En Guinée, on aime les mots. On les tord, on les maquille, on leur fait dire tout sauf ce qu’ils veulent dire. Prenez « transition », par exemple. En 2021, c’était le mot magique, l’étendard d’un espoir fragile. Trois ans plus tard, ce mot est devenu gênant, obsolète. Alors, nos génies de la gouvernance lui ont trouvé un remplaçant chic et tendance : refondation. Parce que voyez-vous, refonder, c’est tellement plus noble que juste « finir ce qu’on a promis ».

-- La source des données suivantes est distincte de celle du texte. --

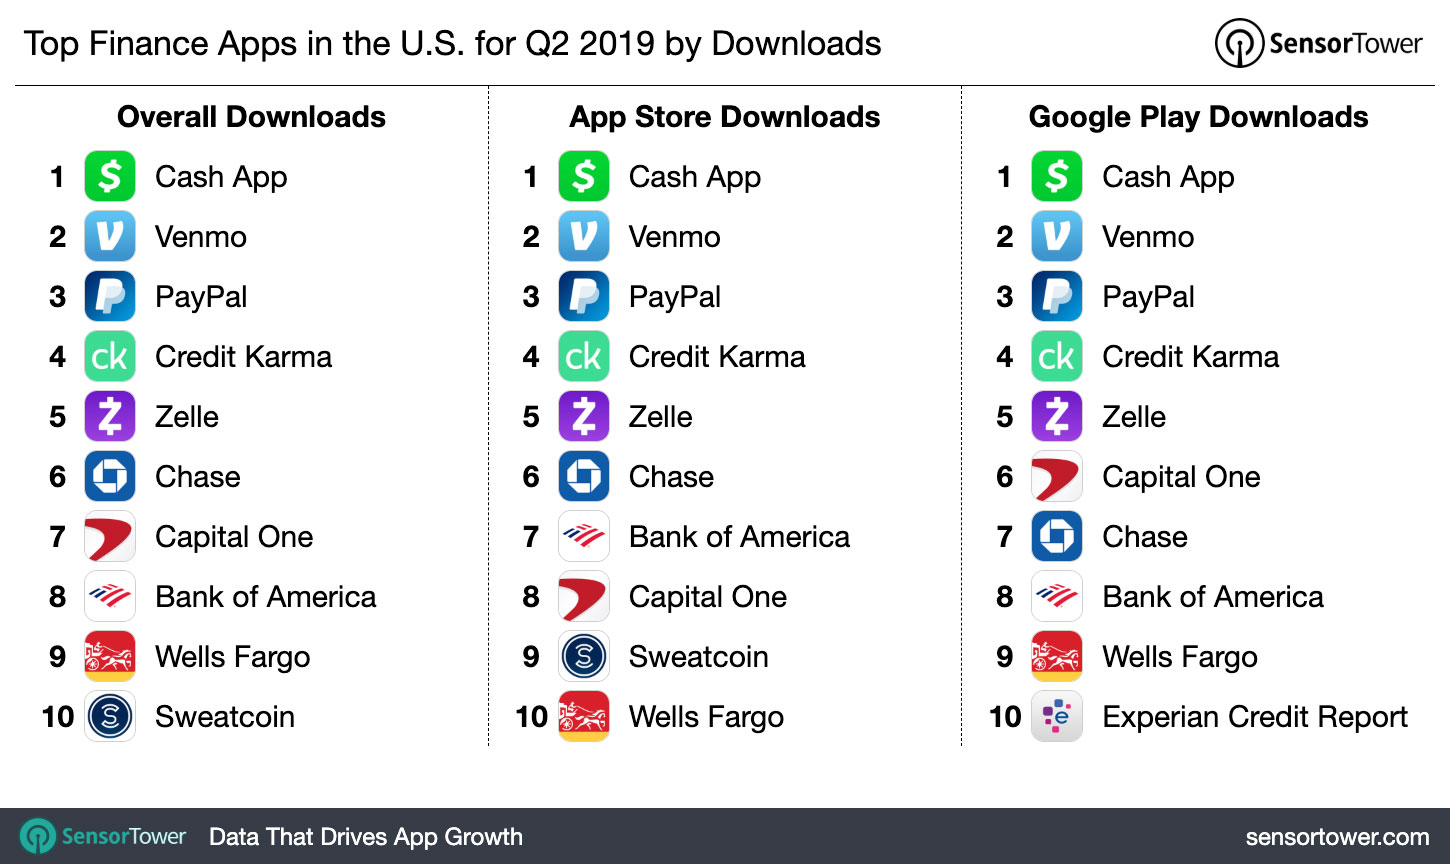 Top Finance Apps in the U.S. for Q2 2019 by Downloads

En coulisses, le scénario est pourtant clair : « transition » impliquait une fin, et une fin, c’est effrayant pour ceux qui se sont confortablement installés dans les fauteuils du pouvoir. Alors on a sorti un dictionnaire, on a cherché un synonyme qui ne fait pas tic-tac comme une horloge. Refondation est arrivé comme un messie lexical. Et voilà, le tour est joué : plus de pression, plus de compte à rebours, juste un vaste chantier imaginaire où tout est à refaire, mais rien ne commence vraiment.
Regardons les faits. Trois ans de transition, trois ans de promesses. Et au final ? Sur les 10 points de la Charte de la Transition, aucun n’a atteint la ligne d’arrivée. Mais pas d’inquiétude : on ne peut pas juger un travail en cours, surtout quand ce travail s’éternise volontairement. Les réformes institutionnelles ? Perdues dans les couloirs du palais. Les élections ? Remises aux calendes guinéennes. La réconciliation nationale ? Un concept devenu aussi rare qu’un goudronnage de route.

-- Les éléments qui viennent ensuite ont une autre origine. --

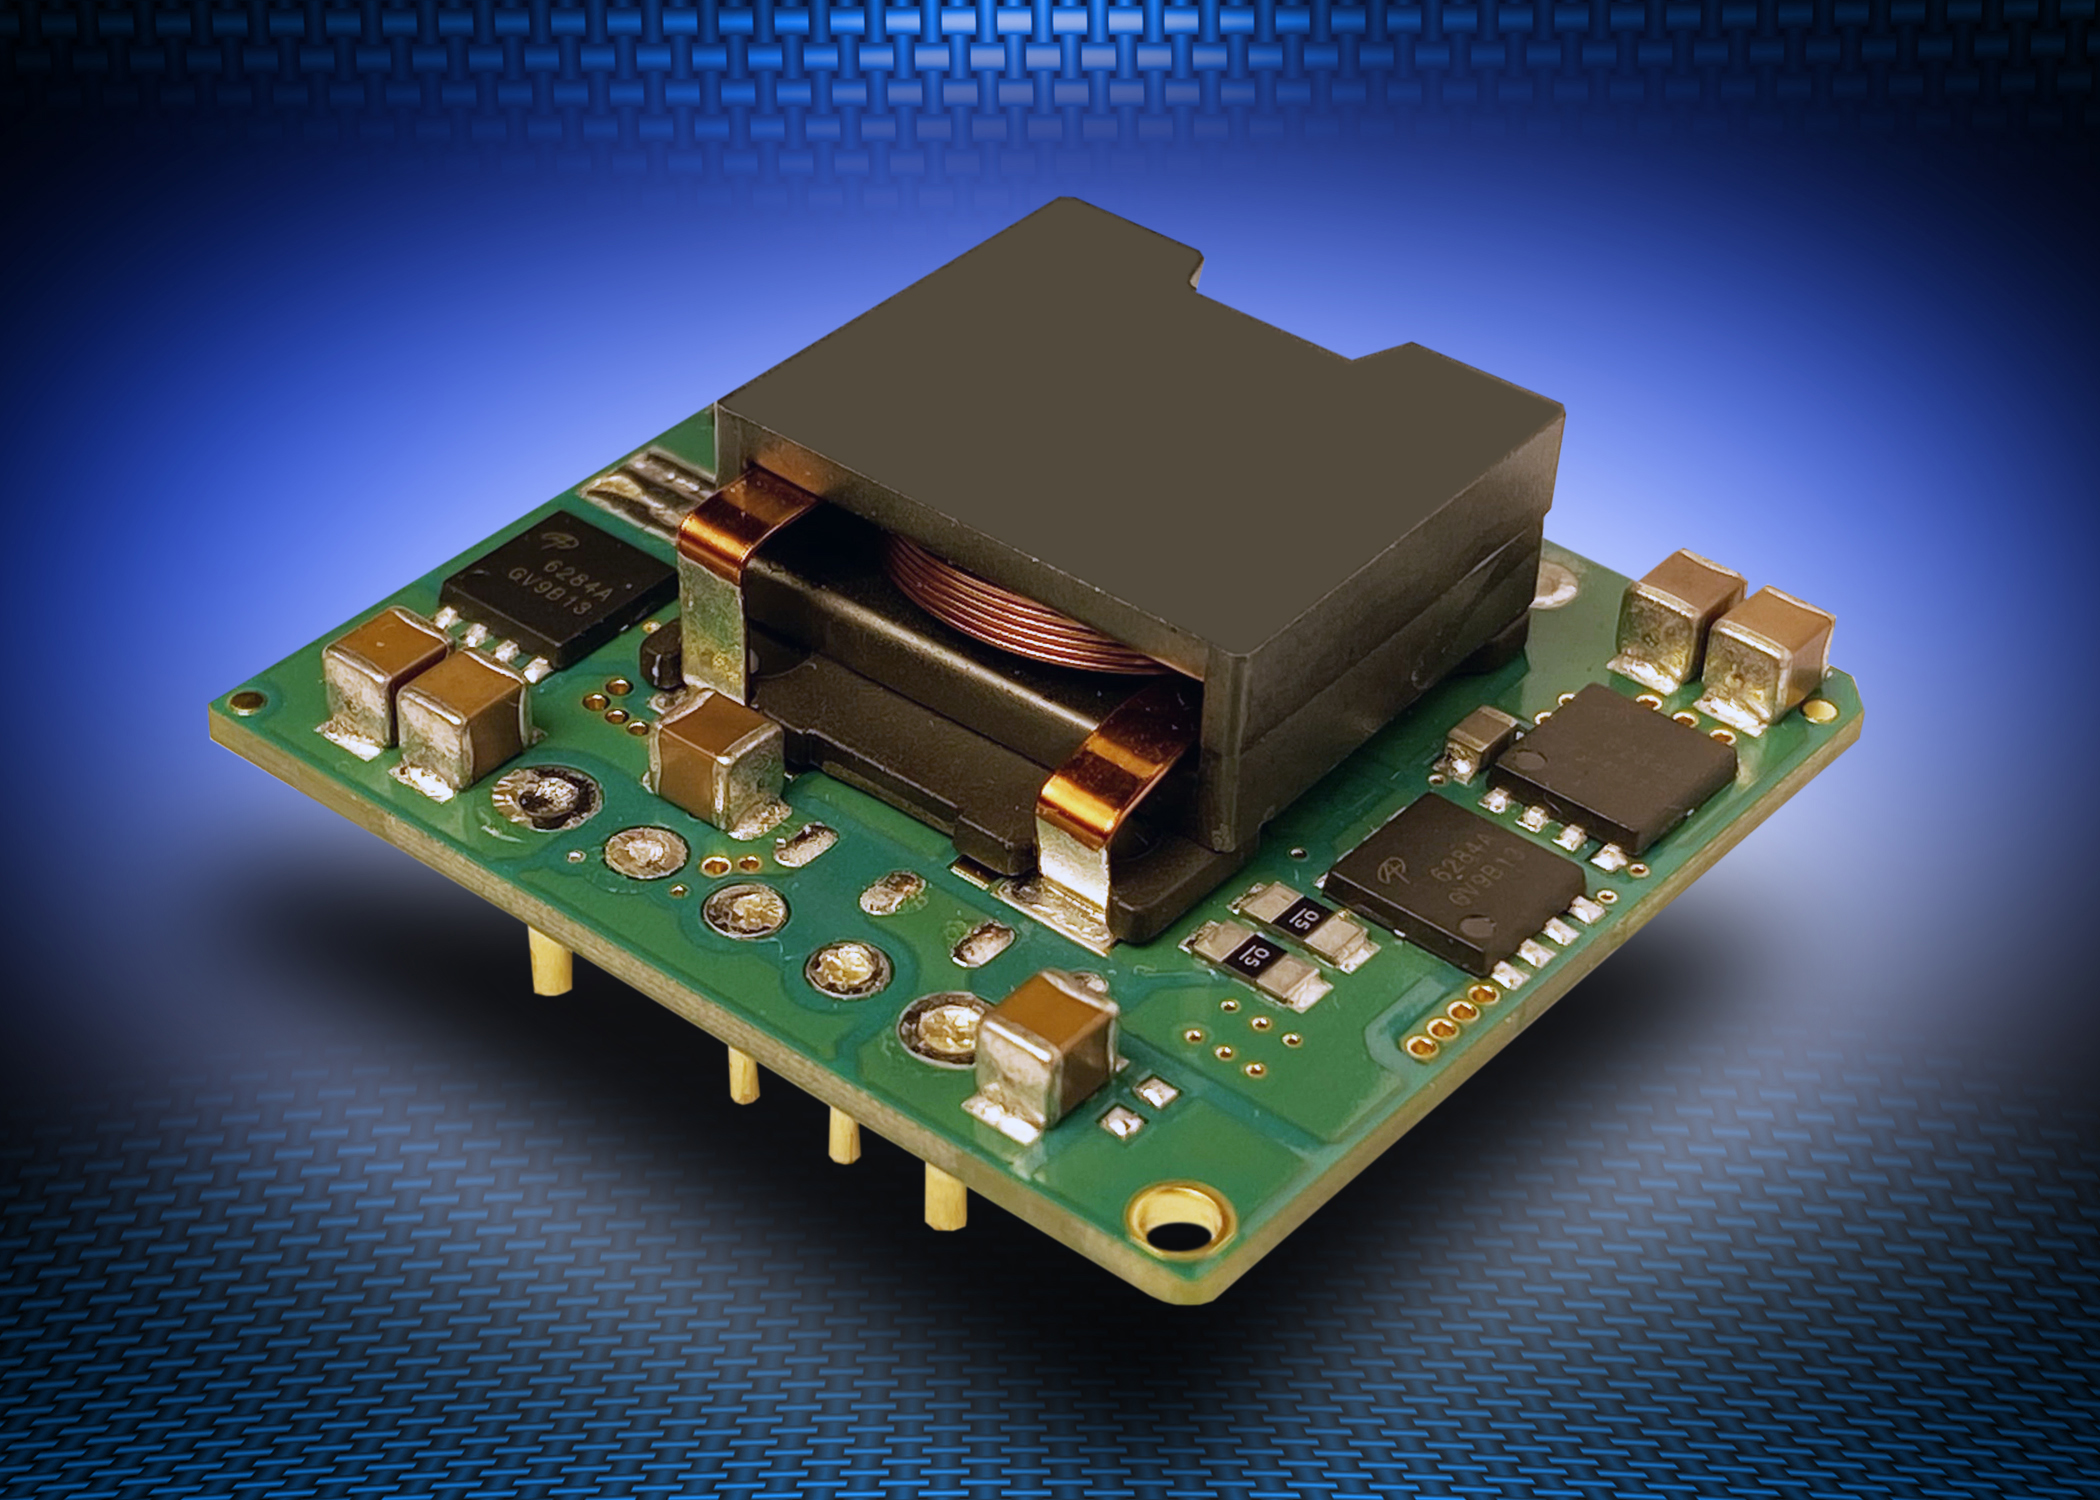 Buck-Boost DC-DC Converters Have Output Adjustment to 48V

Mais pendant ce temps, le gouvernement ne chôme pas. Non, non ! Il y a des tournées à organiser, des discours à prononcer, des « Mamadi par ci, Mamadi par là » à répéter comme des mantras. Nos ministres se sont reconvertis en poètes, composant des odes à la gloire du Général-président-chef-refondateur. Dans cette symphonie de louanges, les problèmes du peuple passent en sourdine, comme une chanson oubliée.

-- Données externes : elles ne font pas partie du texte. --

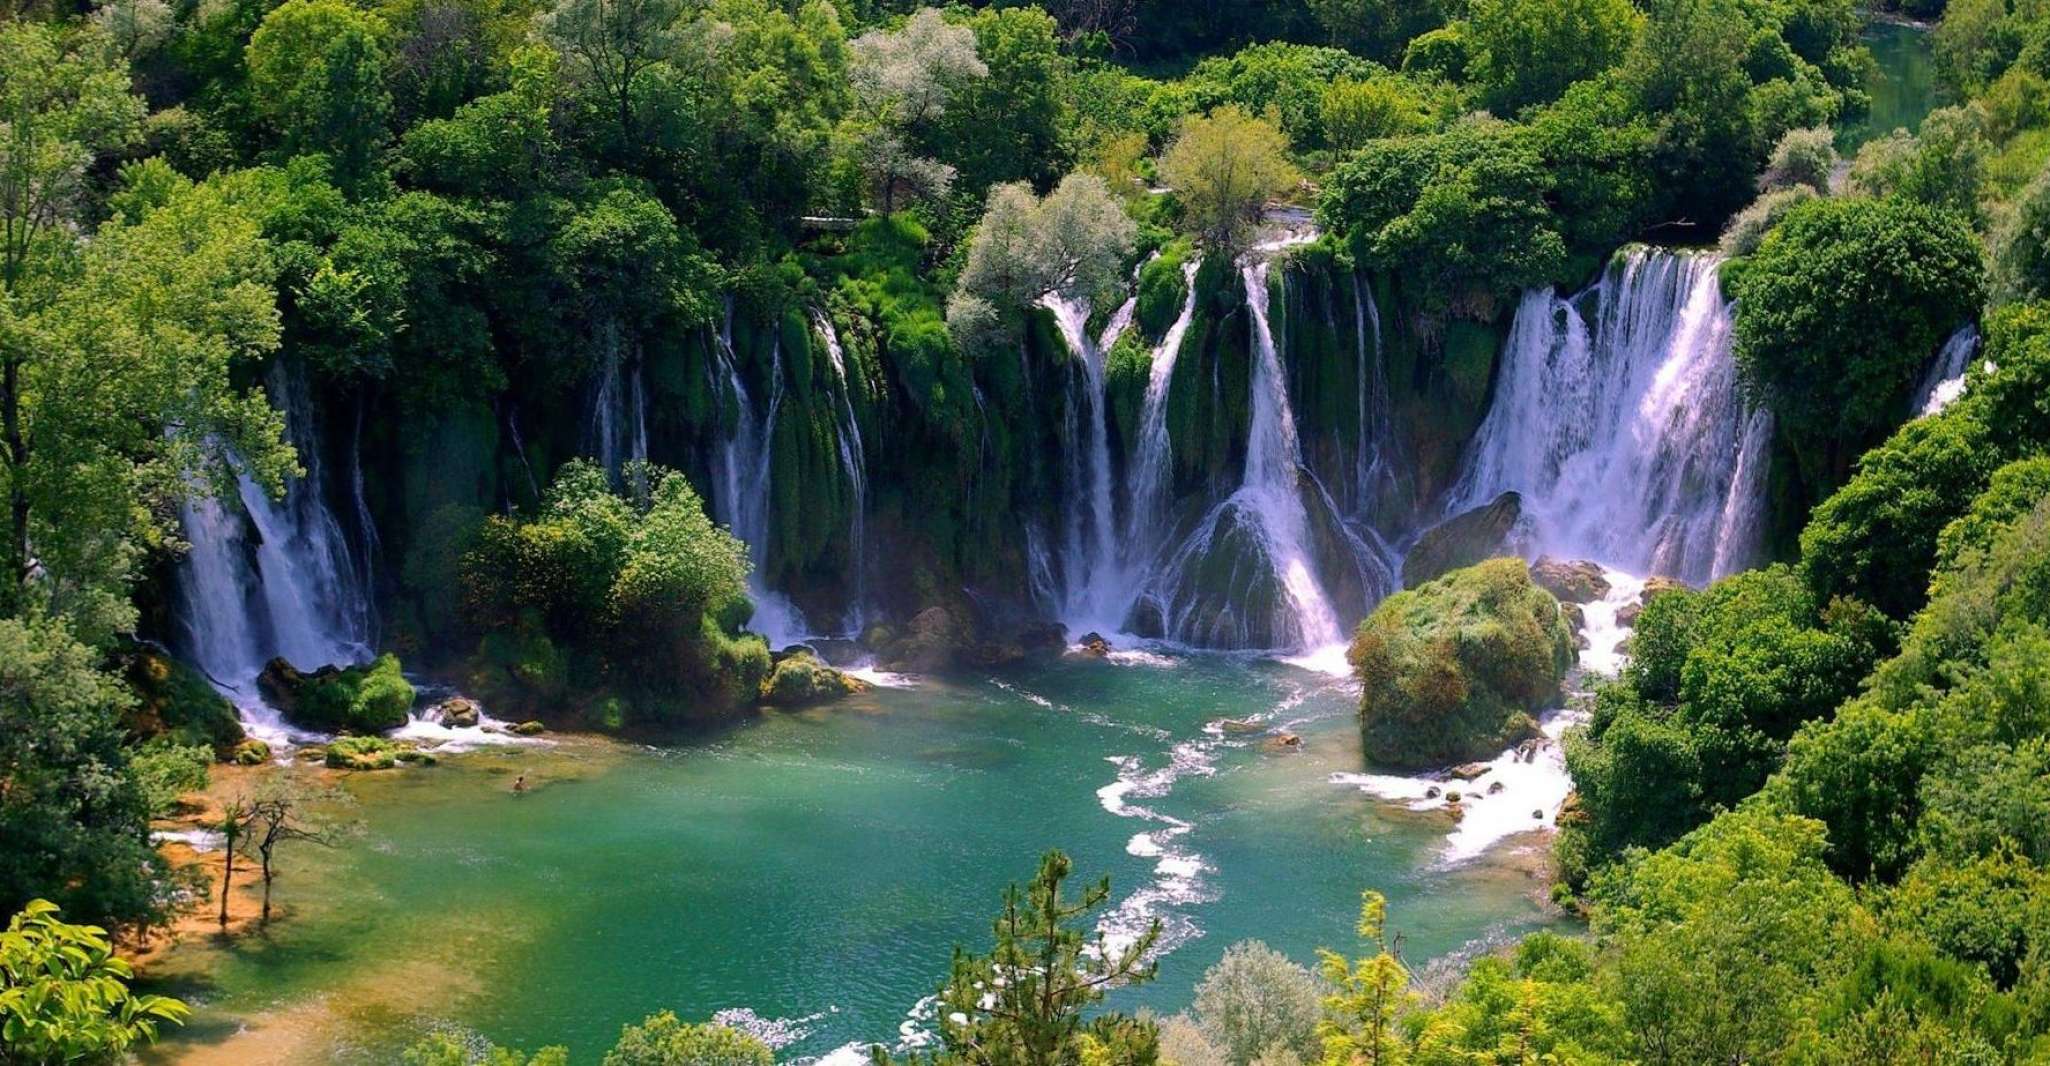 Mostar & Kravica Waterfall, Small Group Tour from Dubrovnik - Housity

Et Mamadi Doumbouya, dans tout ça ? Hier Colonel, aujourd’hui Général, demain… peut-être un titre encore plus grandiose. Car pourquoi s’arrêter en si bon chemin ? Tant qu’on y est, inventons une nouvelle distinction : Architecte suprême de la refondation nationale. Ça claque, non ?
Mais attention, chers refondateurs, les Guinéens ne sont pas dupes. Ils voient vos manœuvres, vos mots-traitres, vos stratagèmes. Et surtout, ils comptent les jours. Car que vous appeliez cela « transition » ou « refondation », le 31 décembre 2024 n’est pas une idée vague. C’est une date, une promesse, une vérité qui vous attend au tournant.
Alors, un conseil : redescendez sur terre. Le peuple guinéen a trop souffert des illusions. La refondation que vous prêchez, c’est la vôtre, pas la leur. Vous avez voulu faire rêver, mais ne vous étonnez pas si, un jour, ce rêve se transforme en réveil brutal. Après tout, même les mots les plus beaux ne peuvent cacher l’évidence : un pouvoir qui dure trop longtemps finit toujours par lasser.